Private lessons with somebody good… with a trainer who is good with dogs and good with people… are hard to find. But if you can get into such a program, it is well worth the investment. What I learned over the years from the one-on-one talks was more valuable to me, and to my dog, than what was done in the classes with my dogs. I got a fuller picture. I see this with my students, as well. The ones that do multiple lessons over time get the chance to learn things that they would never hear about in any other type of program. The dogs benefit because when the owner knows what they are doing, the training result is complete and more effective.
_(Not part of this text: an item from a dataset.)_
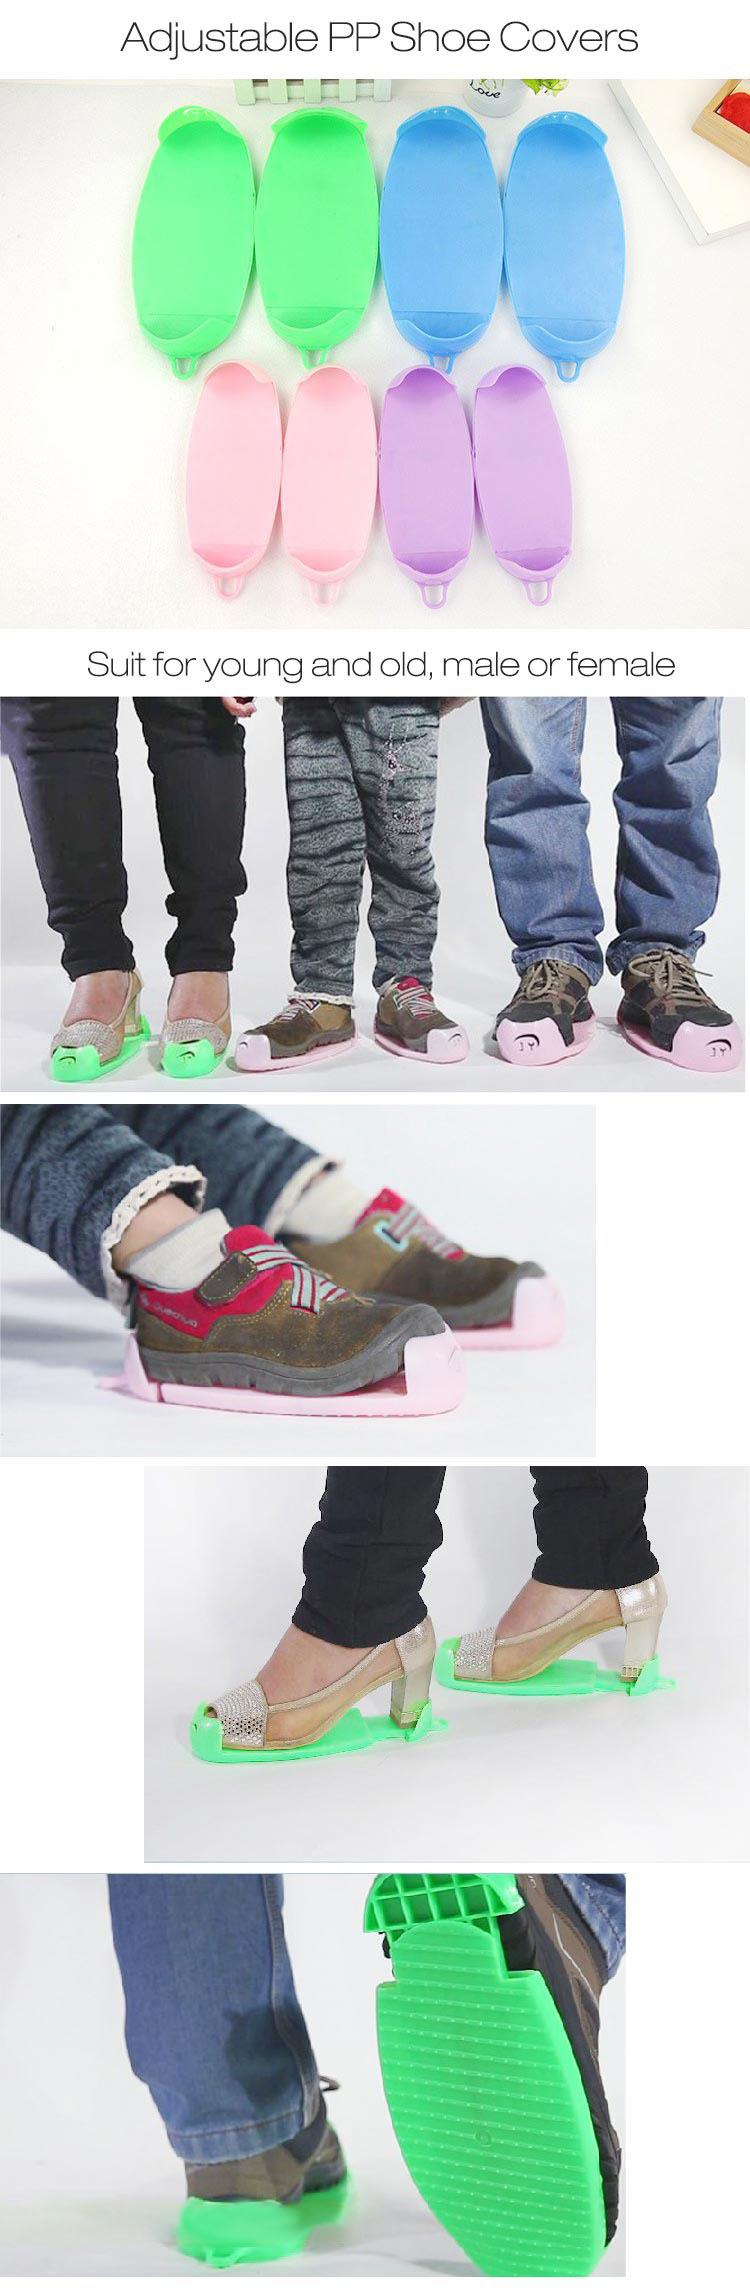 Honana HN-SC01 Регулируемые чехлы для обуви Прочные моющиеся чехлы для обуви с антискользящим покрытием - фото 1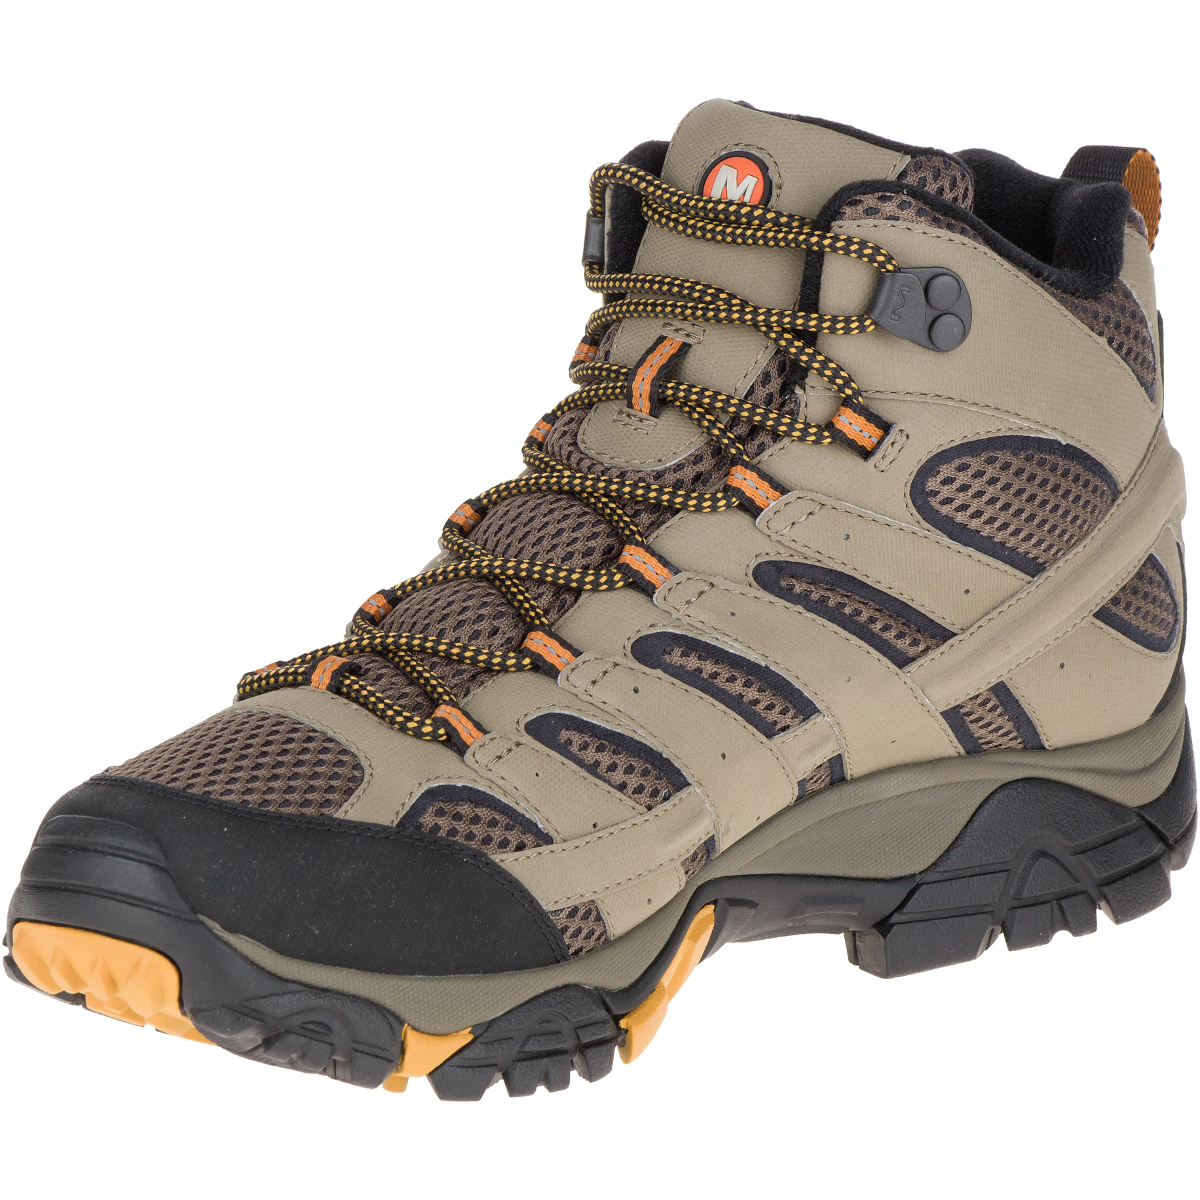 dec03aca37 MERRELL Men's Moab 2 Mid Gore-Tex Hiking Boots, Walnut, Wide

I have offered group classes. I love doing them. But I have also recommended that these same students also sign up to do private lessons with me. I currently have a student who is involved in a group agility dog program, but is also doing private lessons with me to fill in the gaps. I used to offer board and train programs, but I stopped those altogether. I didn’t like the results. Even though I offered private lessons, and even group lessons, for the owners to supplement what was done, most people took the dogs and I never heard from them again. I knew that the dogs wouldn’t get at home what I gave them during boarding. Board and train customers don’t typically value the relationship building aspect of dog training, and when I came to see that, I didn’t feel I could offer that type of program in good conscience. Good dog training always promotes a superior dog-student relationship as its primary foundation. So, after many years of experience, with my dogs and all my students and their dogs, I believe the first, best results come from private lessons.